§ REQUIRED WORK: Only the lines below from the one containing "くそーファセット追跡フェイシ" through the one containing "Doanh nghiệp dệt" belong in the answer, set down exactly, with the pictures left out.

§ EXERCISE MATERIALS:
⁂

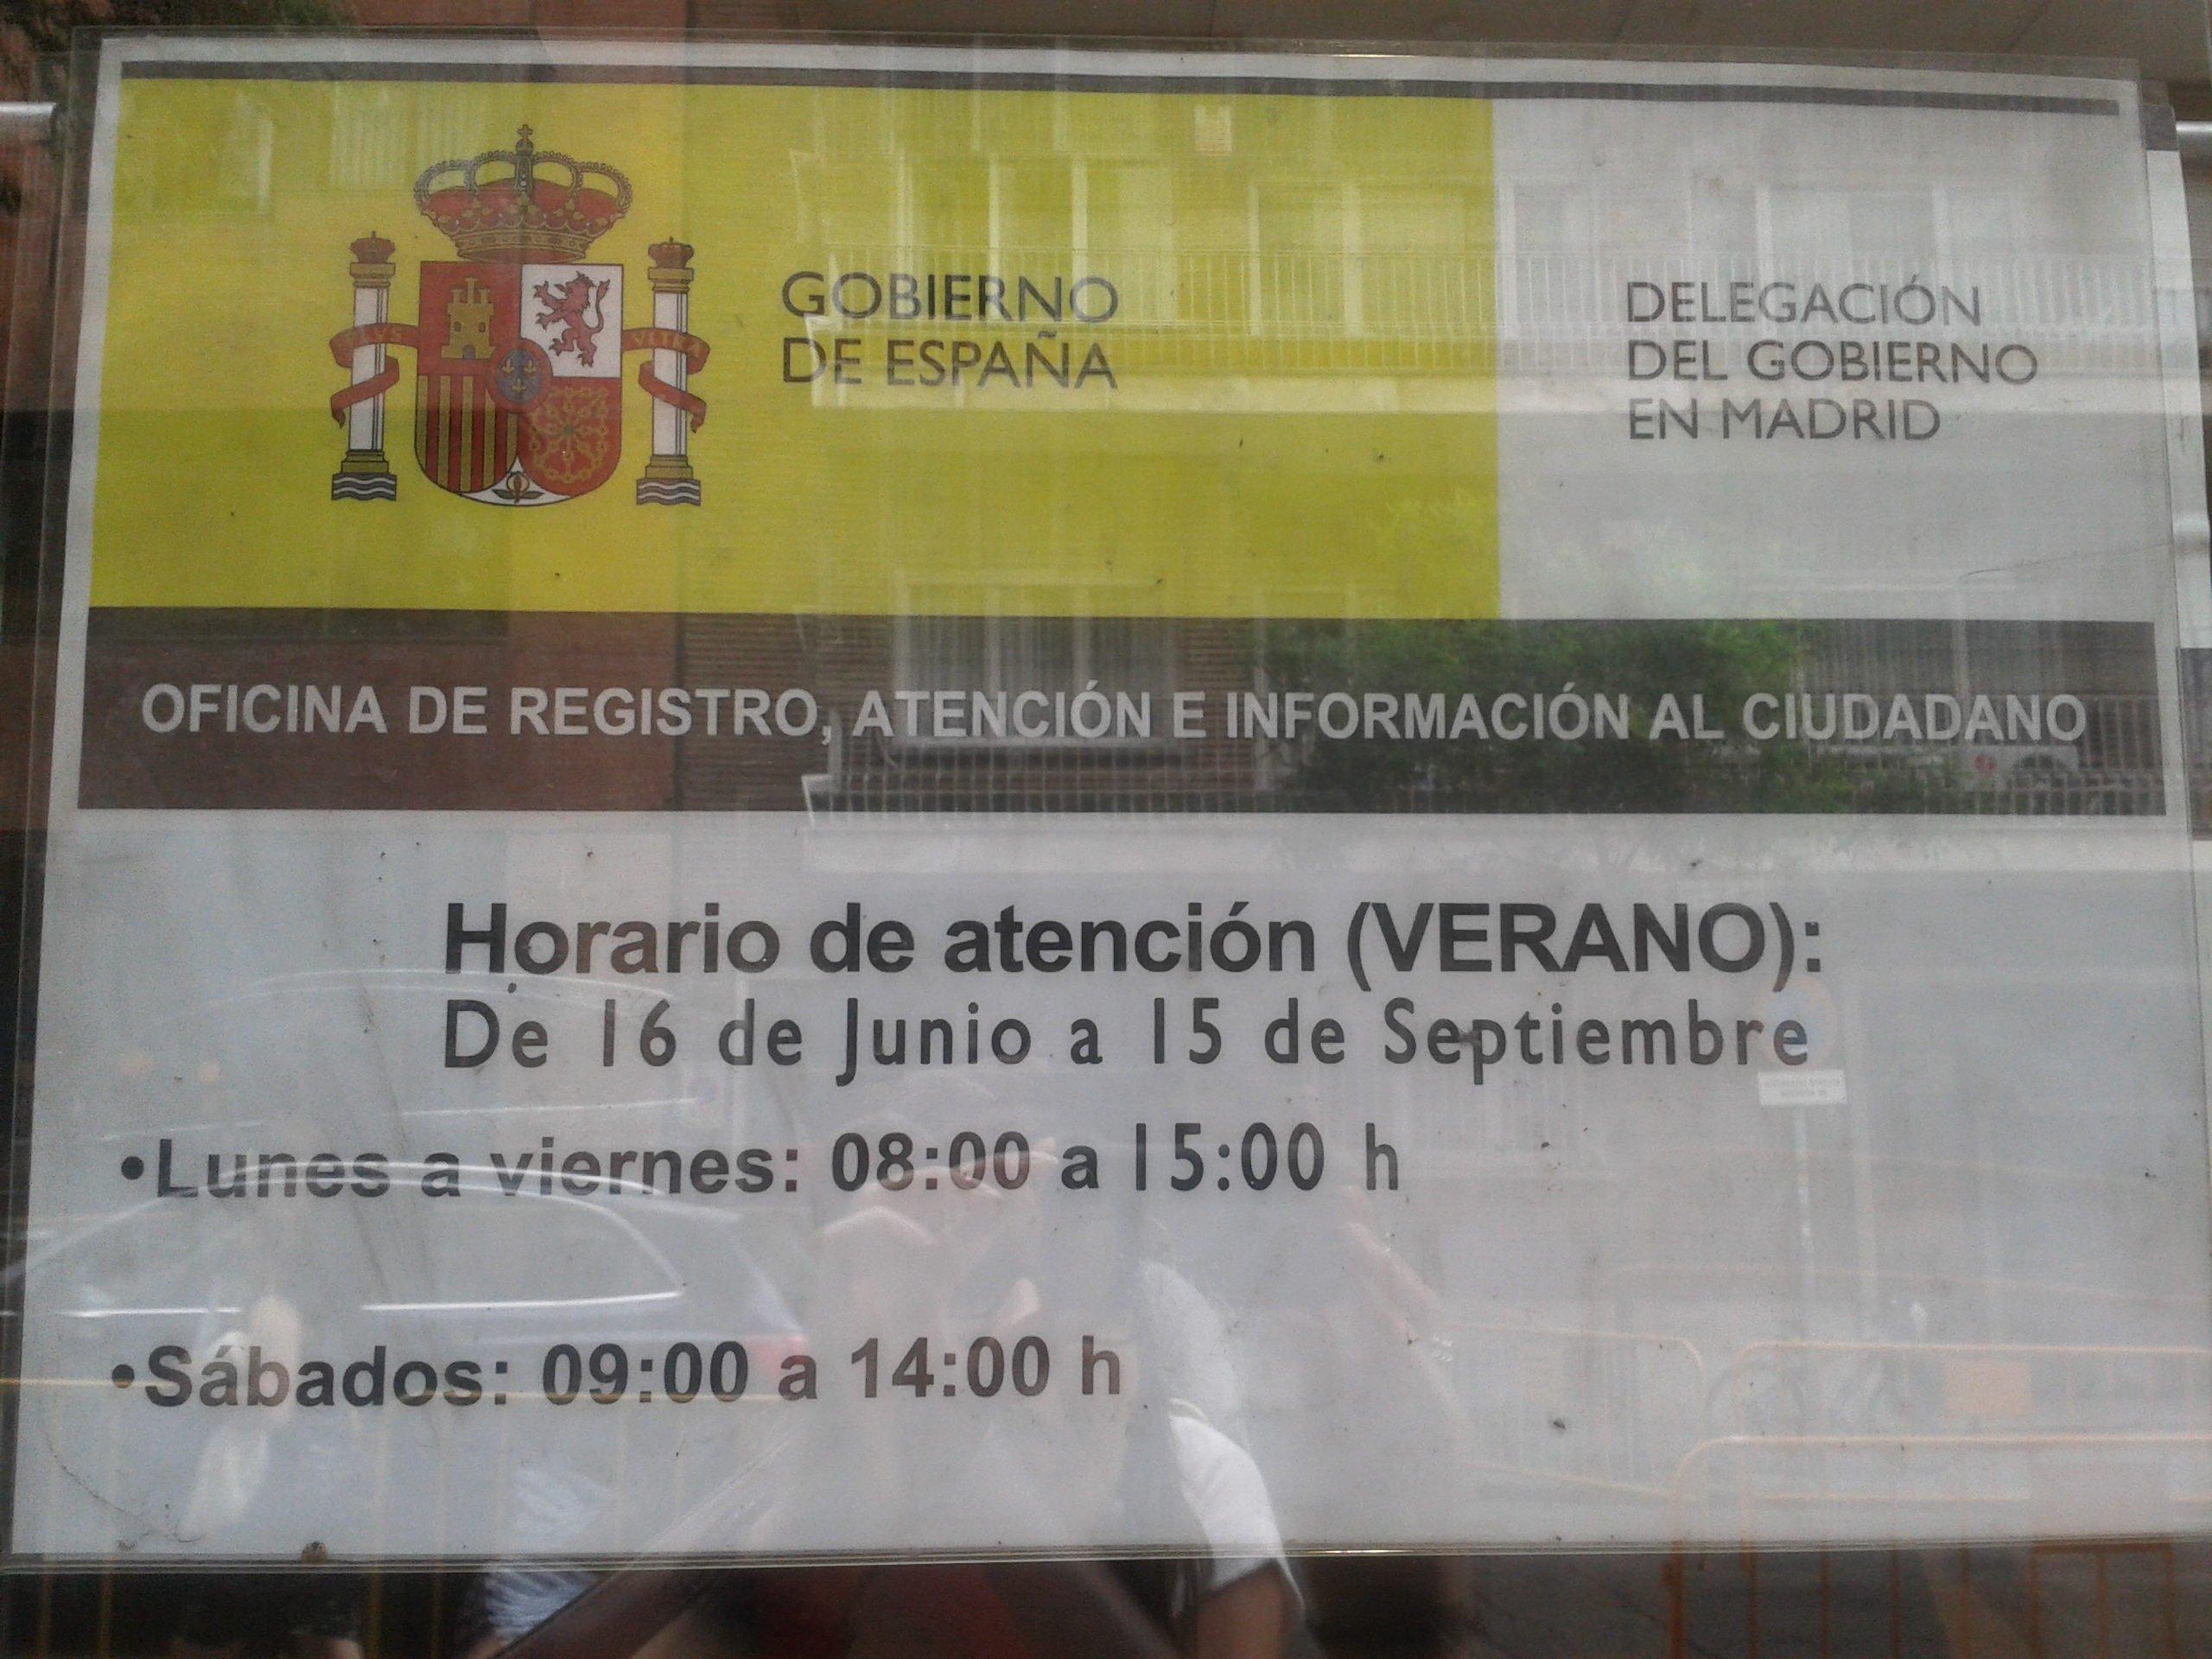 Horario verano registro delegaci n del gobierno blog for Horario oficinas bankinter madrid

⁂

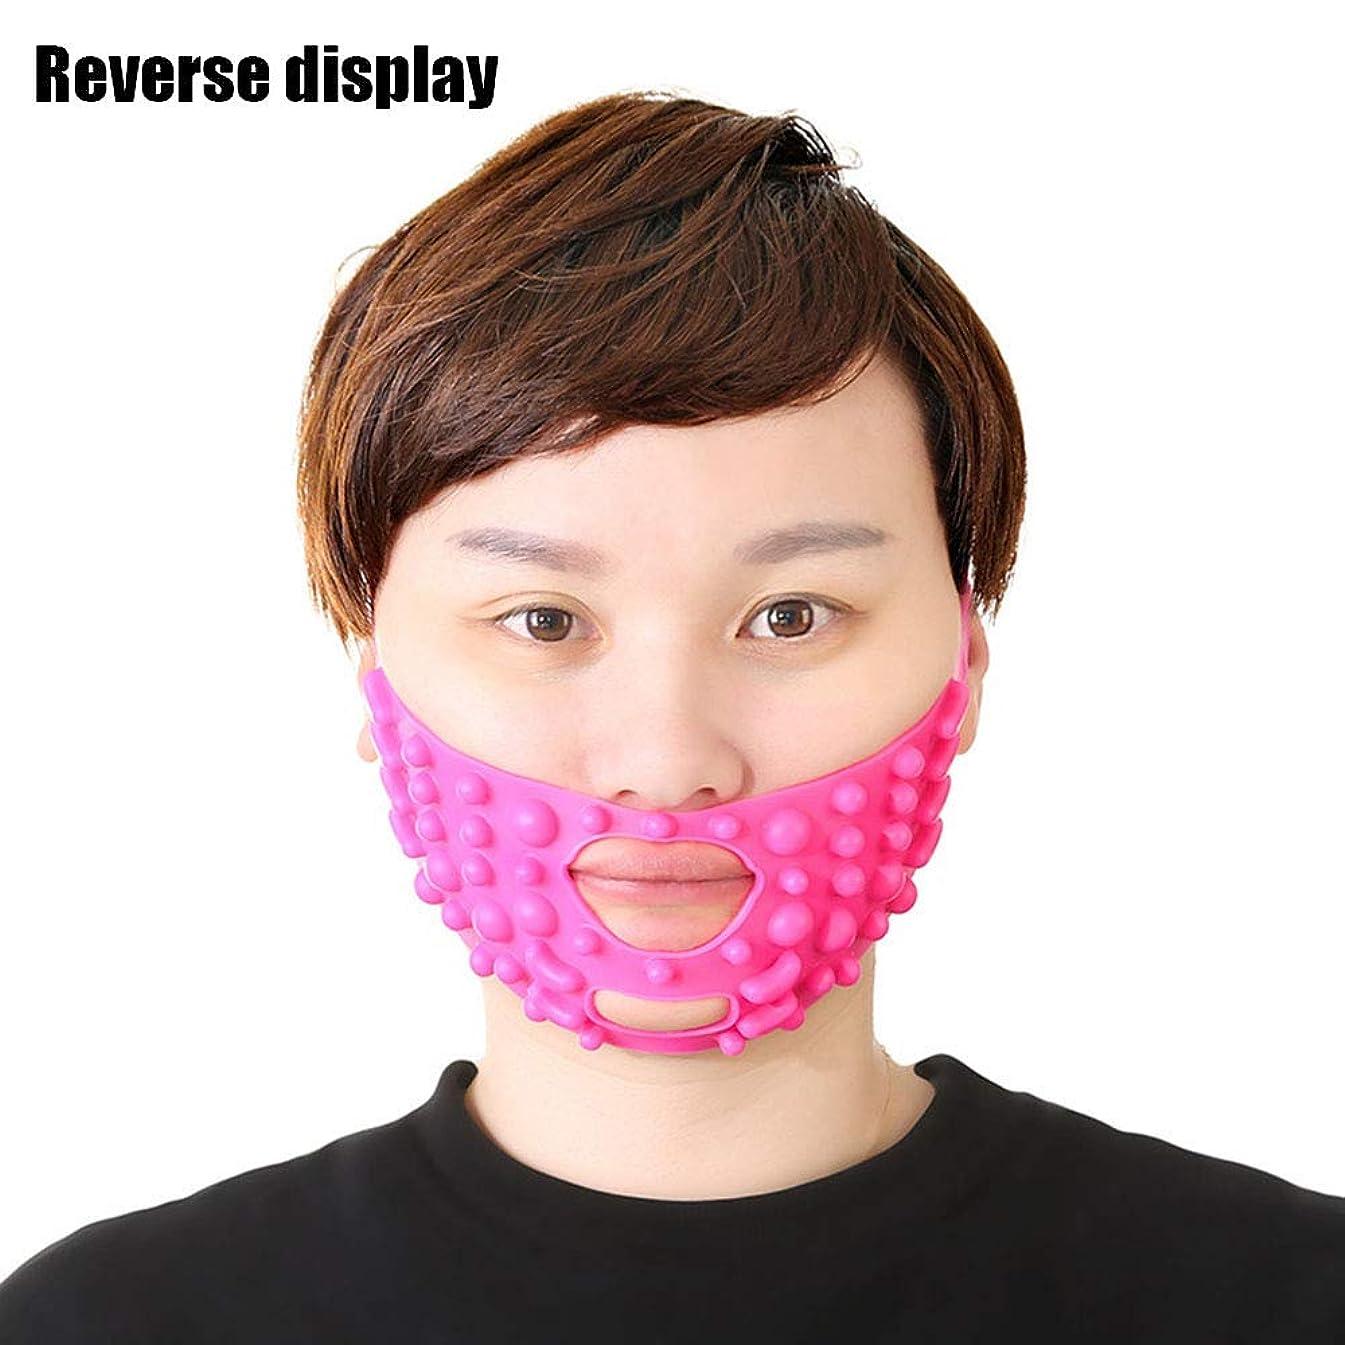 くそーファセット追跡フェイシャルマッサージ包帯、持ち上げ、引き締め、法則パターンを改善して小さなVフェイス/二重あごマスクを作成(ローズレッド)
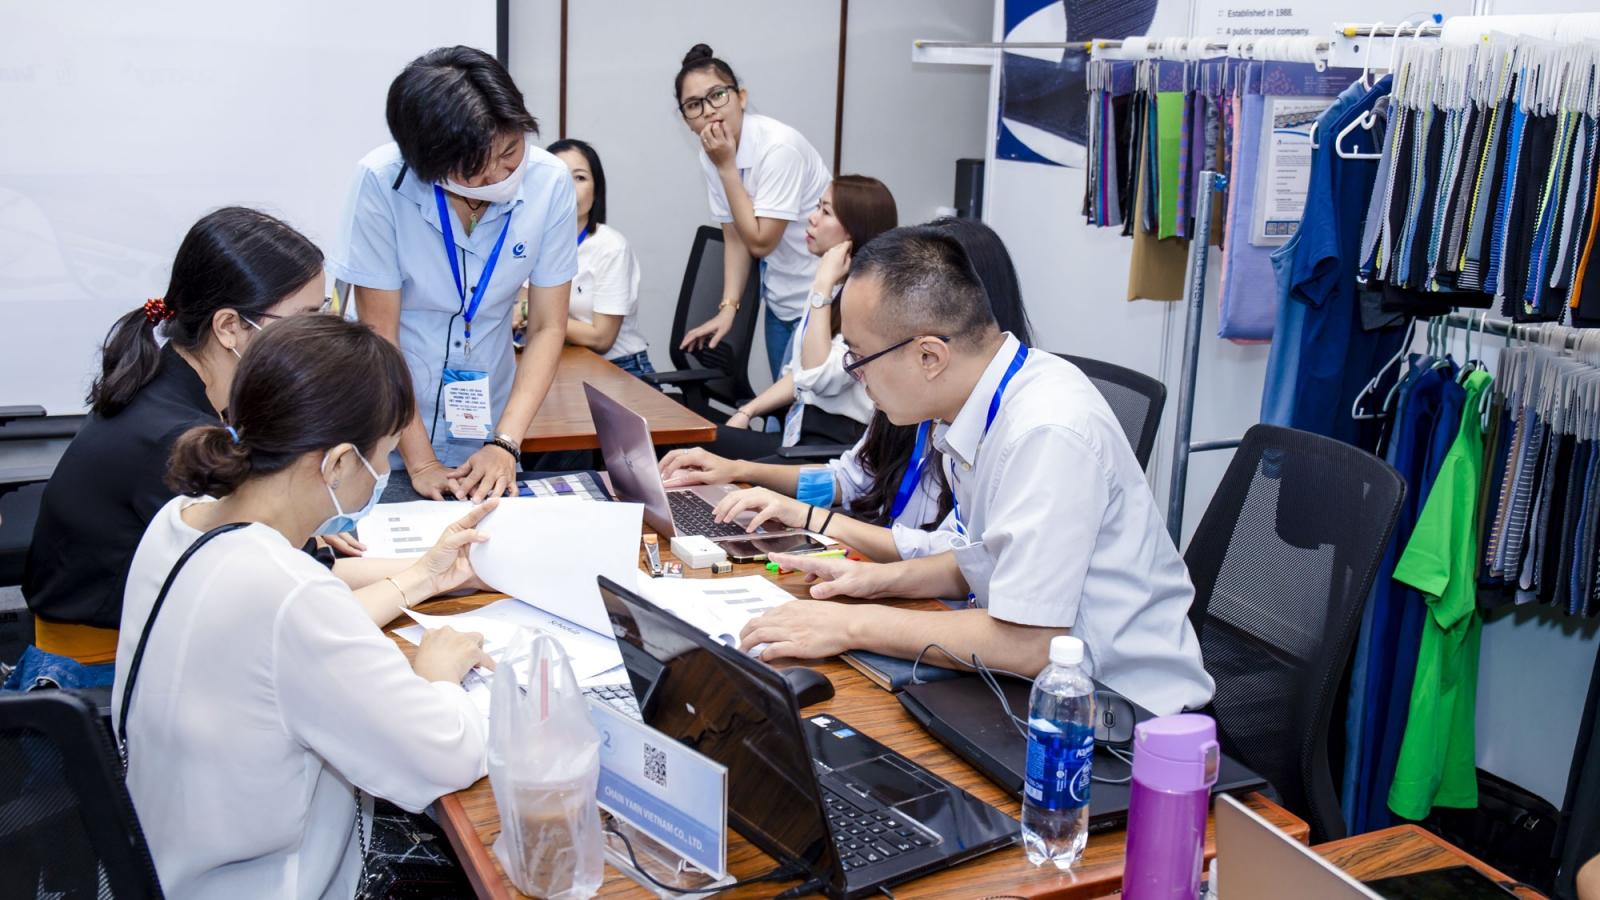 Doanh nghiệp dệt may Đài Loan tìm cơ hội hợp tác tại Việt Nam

⁂

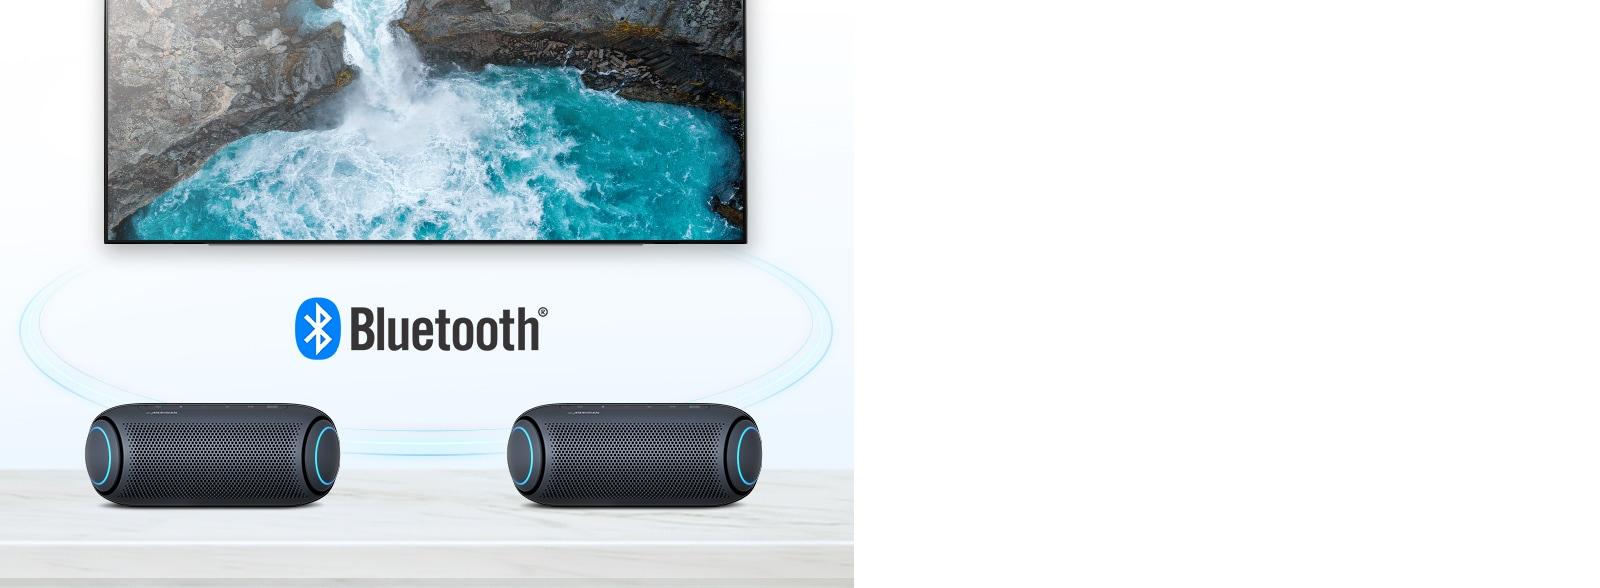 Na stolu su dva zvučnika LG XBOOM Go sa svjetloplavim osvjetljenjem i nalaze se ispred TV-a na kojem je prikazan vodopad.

⁂

§ SOLUTION TO THE PROBLEM:
 くそーファセット追跡フェイシャルマッサージ包帯、持ち上げ、引き締め、法則パターンを改善して小さなVフェイス/二重あごマスクを作成(ローズレッド)
 Doanh nghiệp dệt may Đài Loan tìm cơ hội hợp tác tại Việt Nam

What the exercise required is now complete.